**What you are asked to do:** Restate the following data in its entirety, word for word and without images.
[Recorded data Boundary: Start]
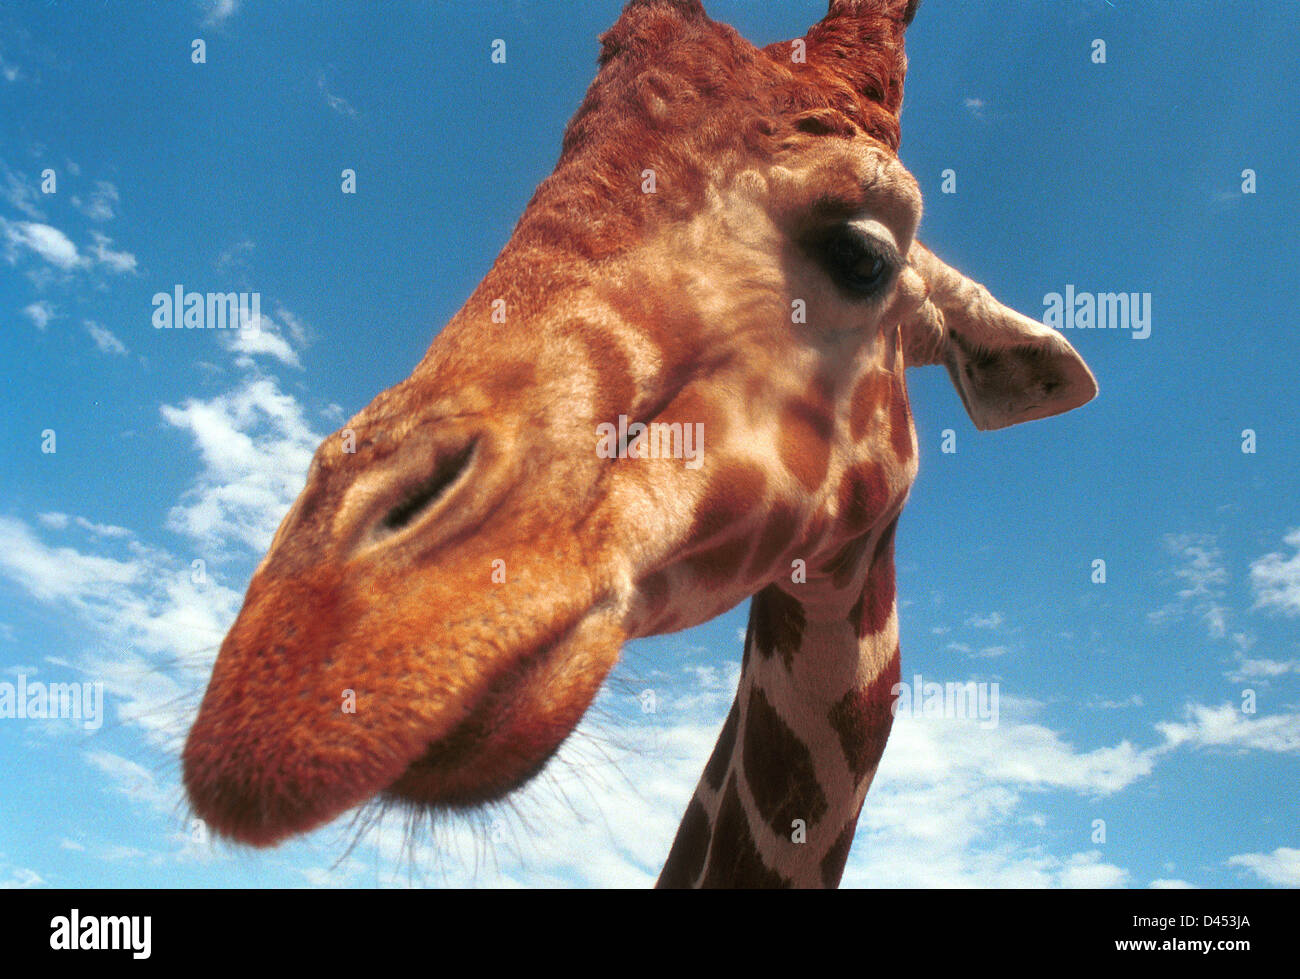 Jirafa incluso-africana de mamíferos ungulados vetado la vida animal terrestre más alto y más grande de rumiantes, Giraffa Camelopardalis, Foto de stock
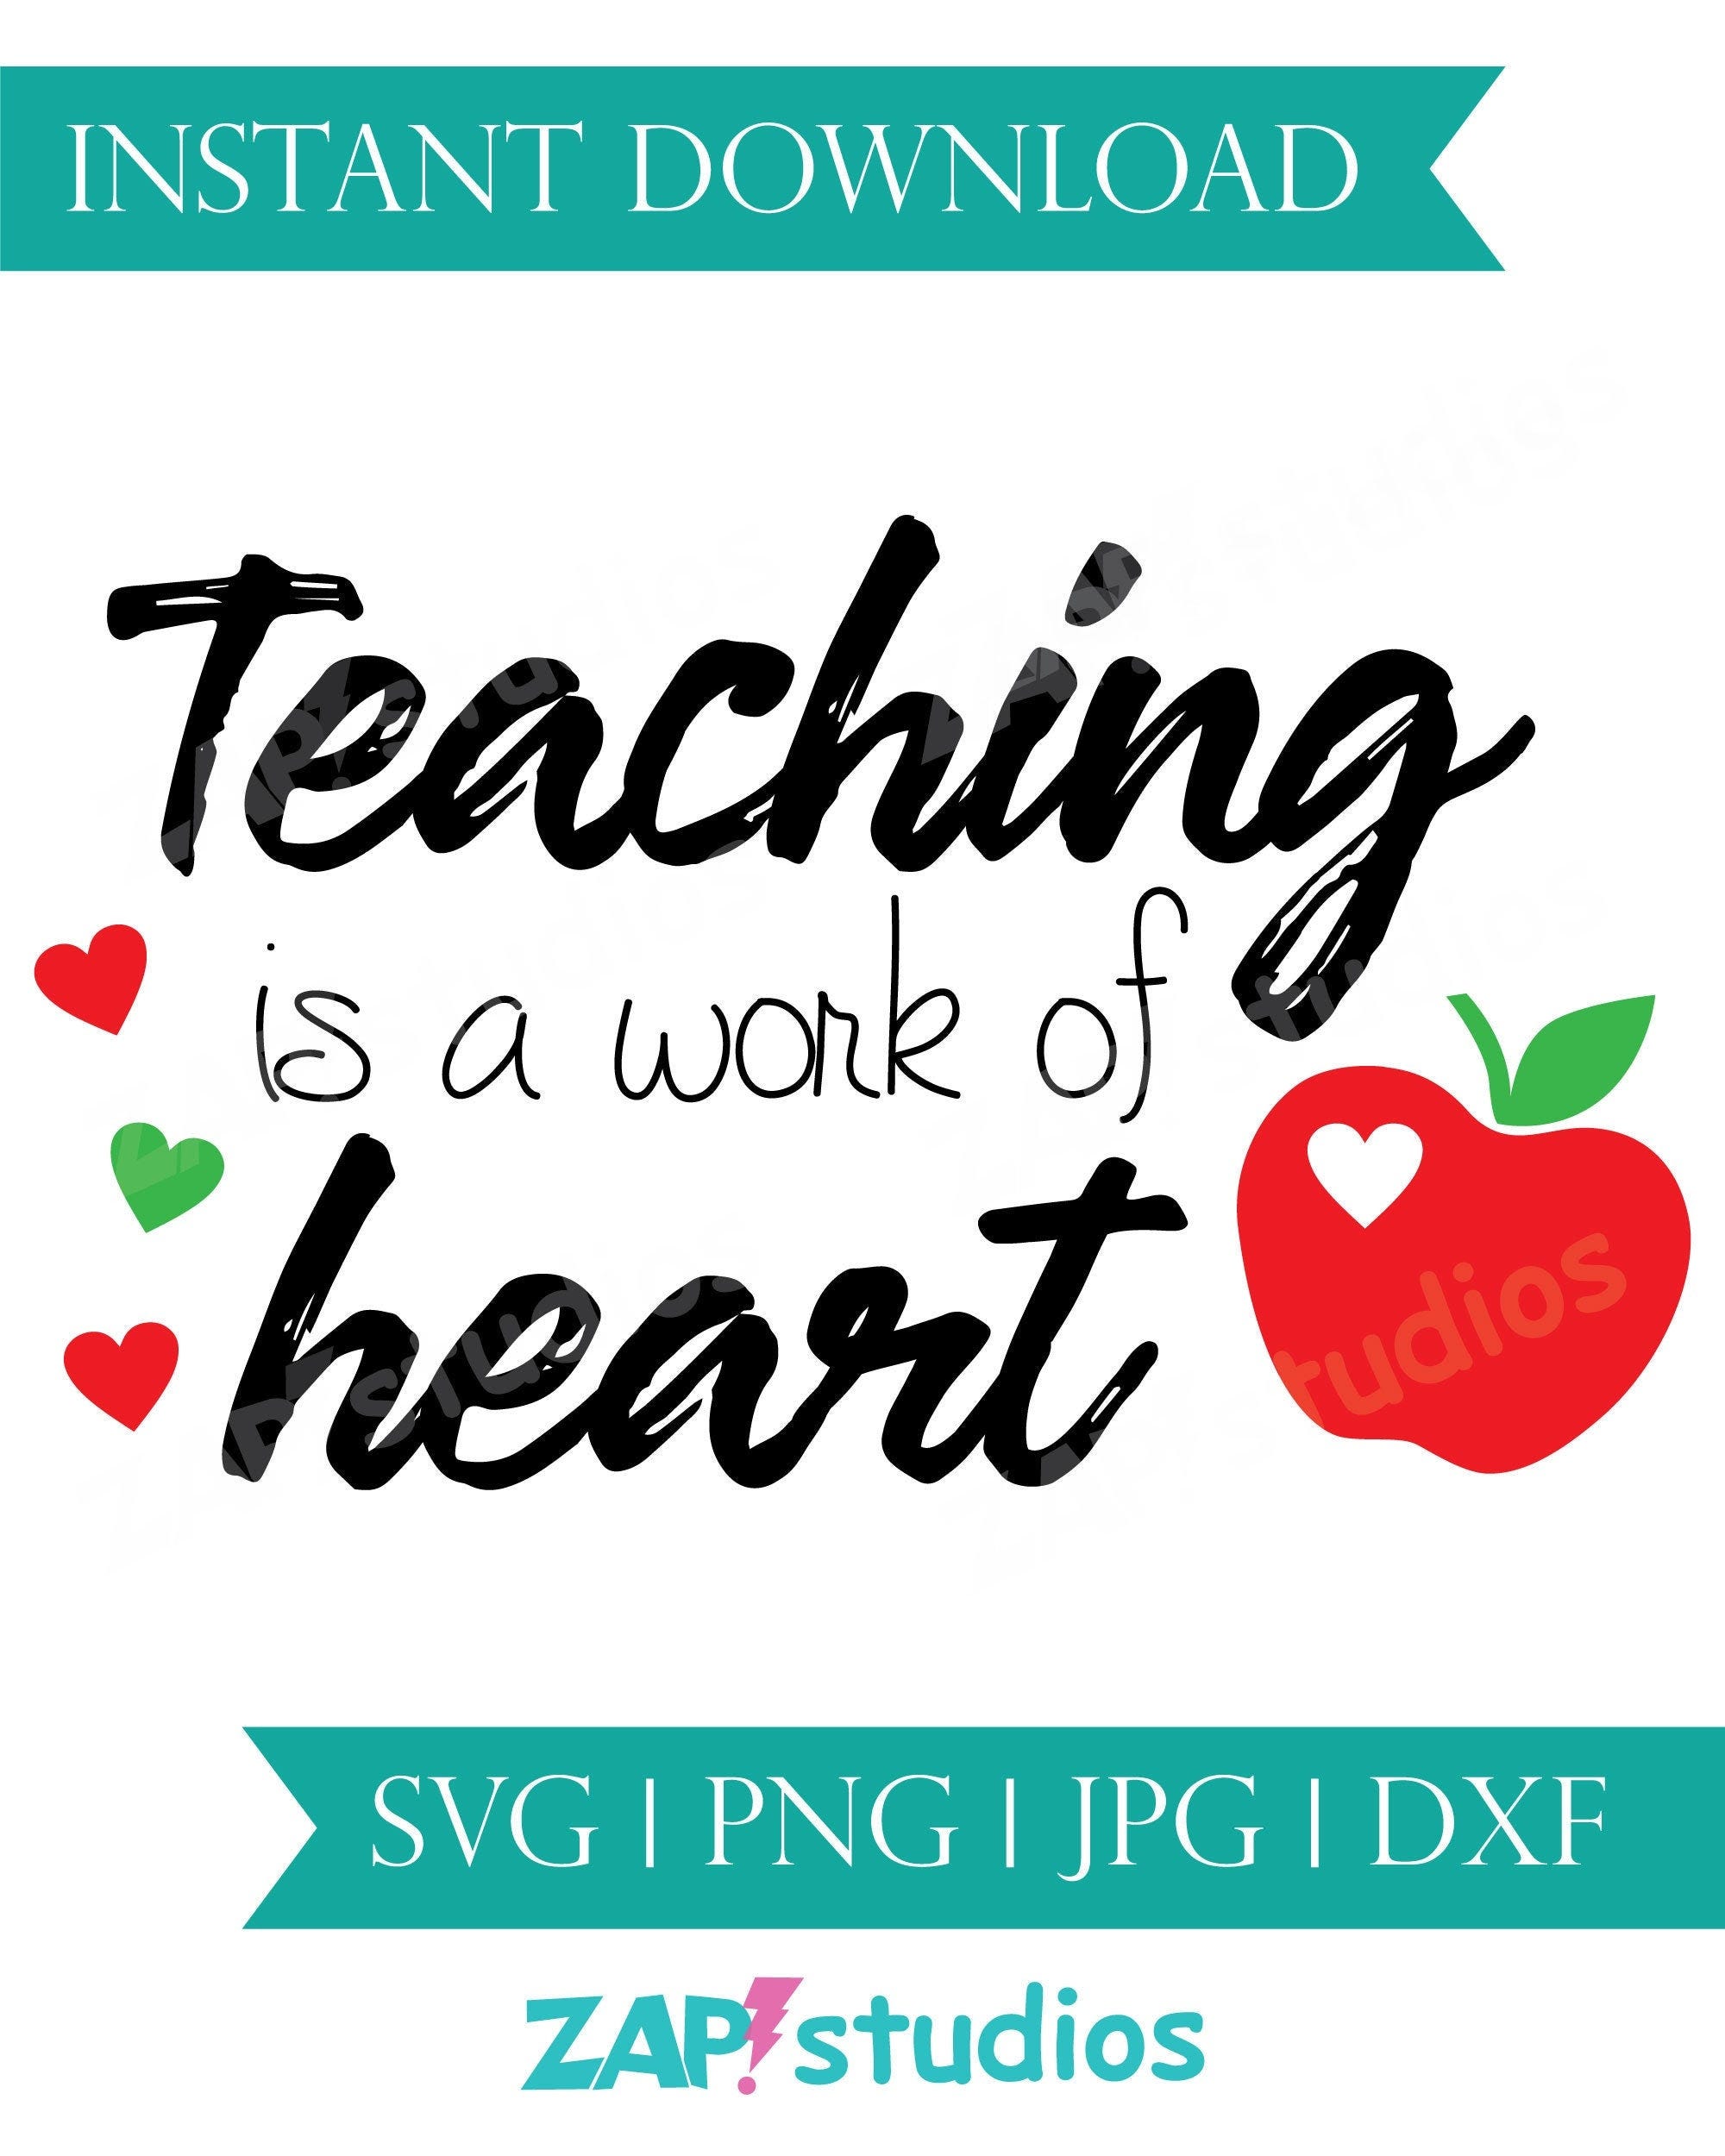 Teaching is a work of heart svg, teacher gifts, teacher appreciation, apple, teacher day svg, teacher day gifts, teacher png sublimation
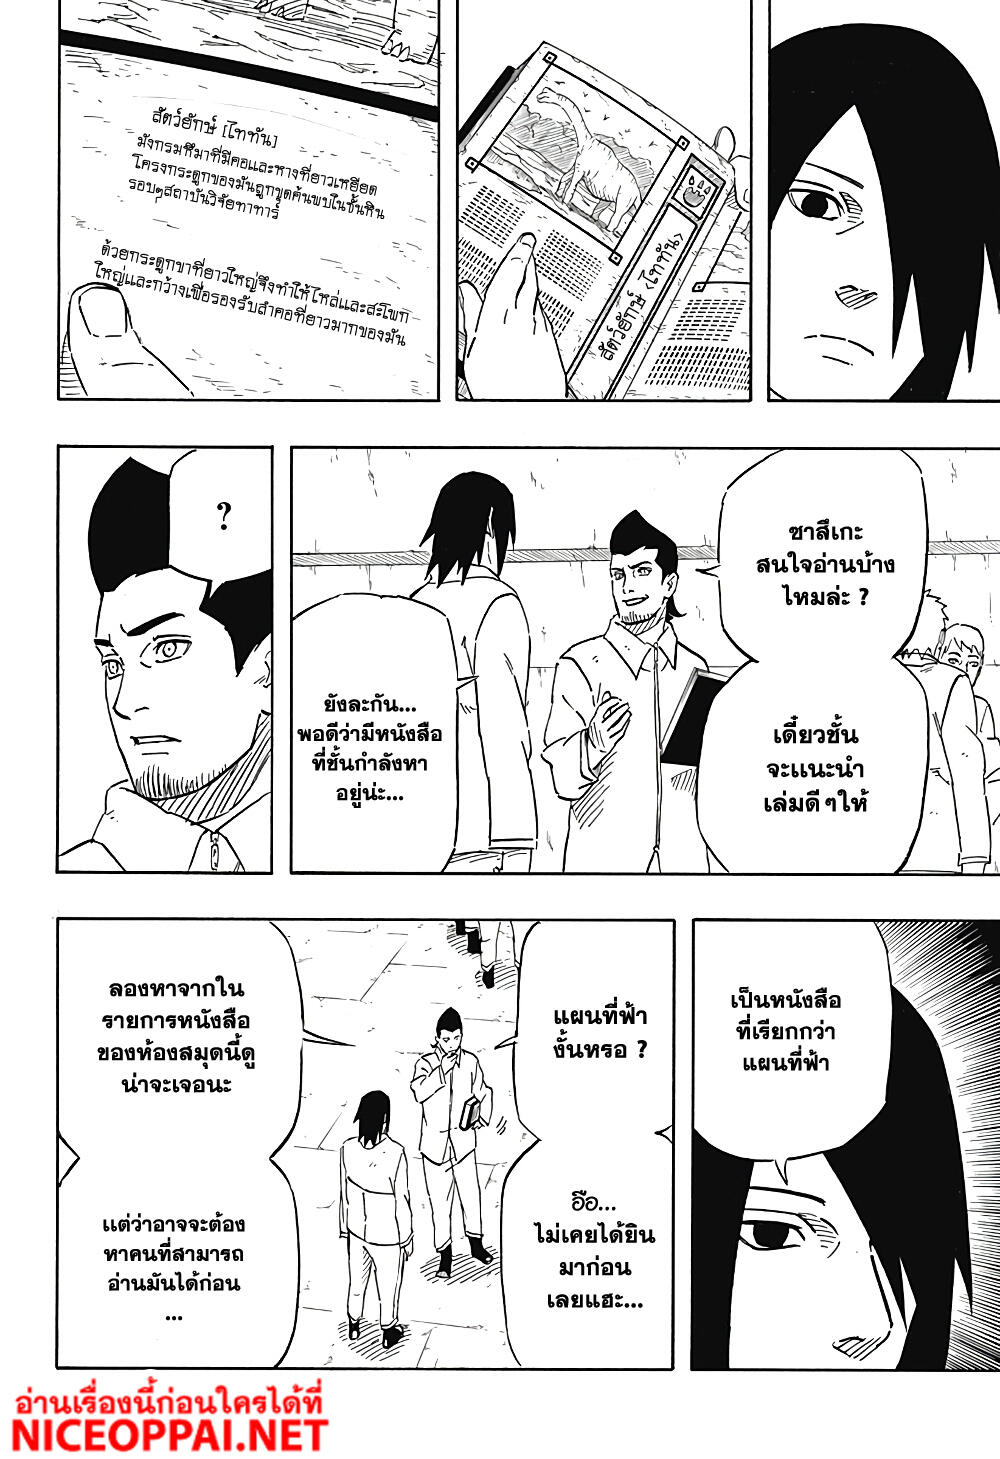 Naruto Sasuke's Story -The Uchiha and the Heavenly Stardust 4-4
[Recorded data Boundary: End]
**Answer to the problem:**
 Jirafa incluso-africana de mamíferos ungulados vetado la vida animal terrestre más alto y más grande de rumiantes, Giraffa Camelopardalis, Foto de stock
 Teaching is a work of heart svg, teacher gifts, teacher appreciation, apple, teacher day svg, teacher day gifts, teacher png sublimation
 Naruto Sasuke's Story -The Uchiha and the Heavenly Stardust 4-4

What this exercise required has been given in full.